Meng Weng Wong wrote:
So, while we work on the fun development side of things,
like SES, op=, and bashing PRA, we need to keep getting SPF
and SRS into MTAs
The "funny" op=trusted was essentially your idea to solve the
forwardig issue, and among the "funny" people disliking SRS for
various reasons were the admin of the university of Cambridge
and the admin of a German university.
For some more "funny" PRA-bashing see also chapter 6.2 in
<http://www.libsrs2.org/srs/srs.pdf>, the part ending with:
| SUBMITTER is therefore bad and should be excluded from any
| future protocol.
I've no idea about the "fun" factor in SES, but somebody said
here that PRA breaks it.
Everything else is secondary to the success of the project.
An RfC is essential for the project, because what sticks after
MARID is "too broken for the IETF". Only geeks know that MARID
never really discussed SPF (minus one week before it was closed
without consultation with the WG), and if you now think again
that SRS is important something better than an PDF or the old
draft-mengwong-sender-rewrite-01.txt might be essential.

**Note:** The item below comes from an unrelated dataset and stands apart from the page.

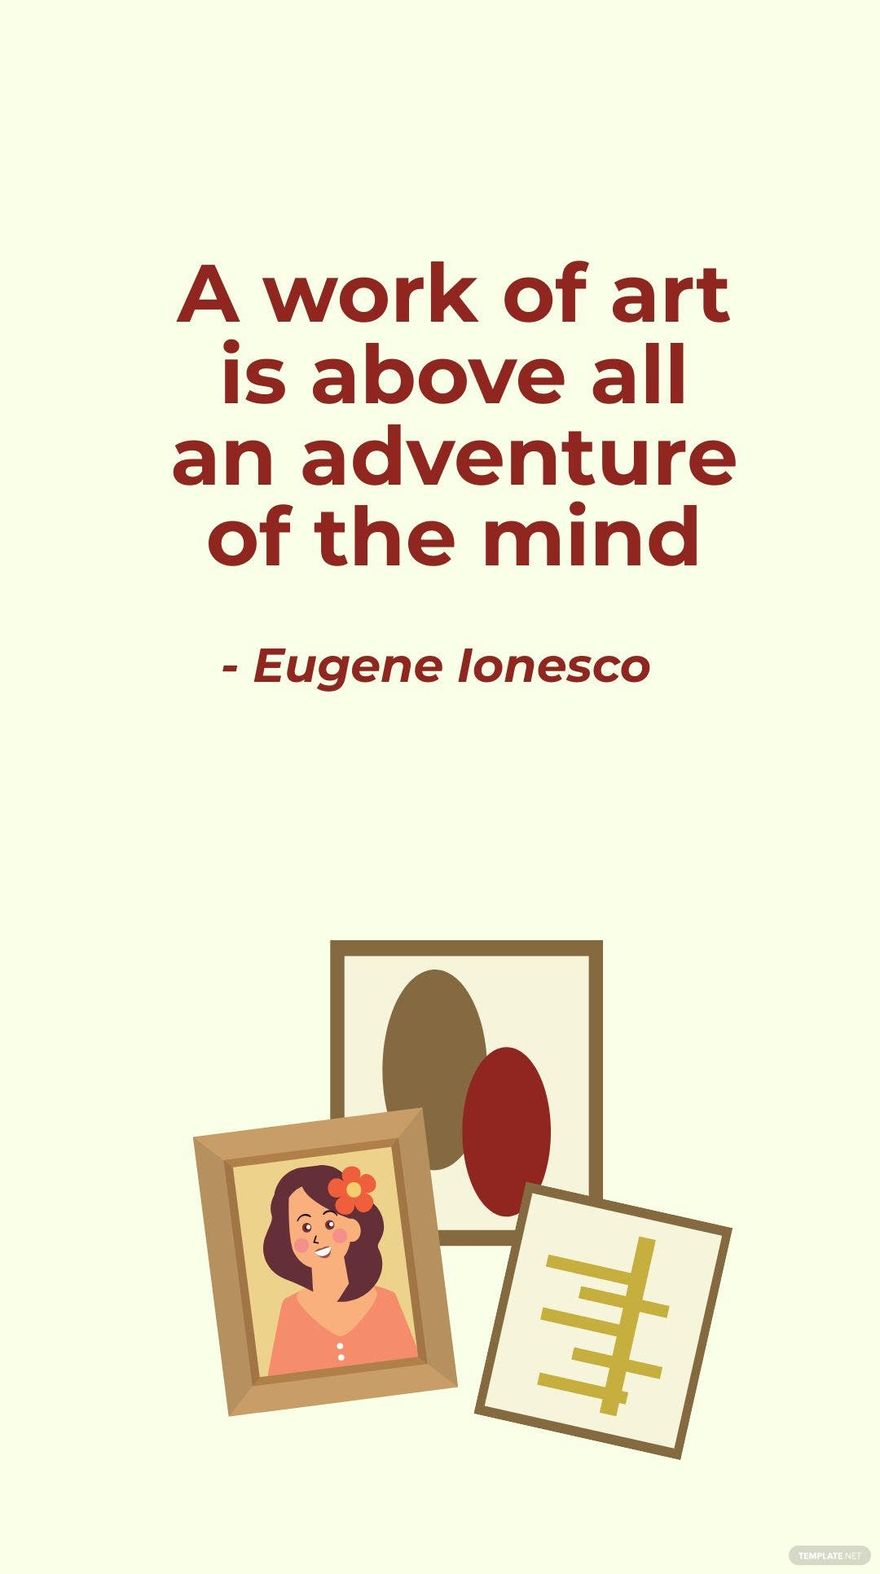 Eugene Ionesco - A work of art is above all an adventure of the mind

The
list on <http://www.libsrs2.org/status.html> doesn't claim to
cover all mailers.
Are they really all "opensource advocates", the "funny" folks
like Hector, you, Scott, and William, whose ideas are listed as
op= options ? Maybe James and Wayne really are, but they all
want an RfC. Even you, Jim, and Philip need it for Sender-ID
resp. for accredit=.
And there's nothing wrong with writing "unglamorous" websites
working with every browser, some of "us" do or did care about
this, e.g. a certain <http://www.seas.upenn.edu/~mengwong/>
the people who are involved in this project for fun have not
shown much interest in tackling it
Investing free time in something is not always "fun". And it's
not "funny" if 3rd parties twist the work into a technically
flawed business.
I continue to seek funding to pay professionals to do that
With a convincing idea like SPF you don't need this, they do it
because they want it as a feature in their free or commercial
products. They do need a spec. however, something changing
whenever they look at it is irrelevant. Professionals won't
accept any "CYA" attitude instead of a proper specification.
Those "funny" folks interested in anti-phishing might be also
interested in William's "eh" proposal. It certainly doesn't
depend on any "funny" op= stuff, it could be also something
like eh=from.sender. Only eh=1 and pra=yes would be "funny",
a general op=eh,pra enumeration for options is less messy.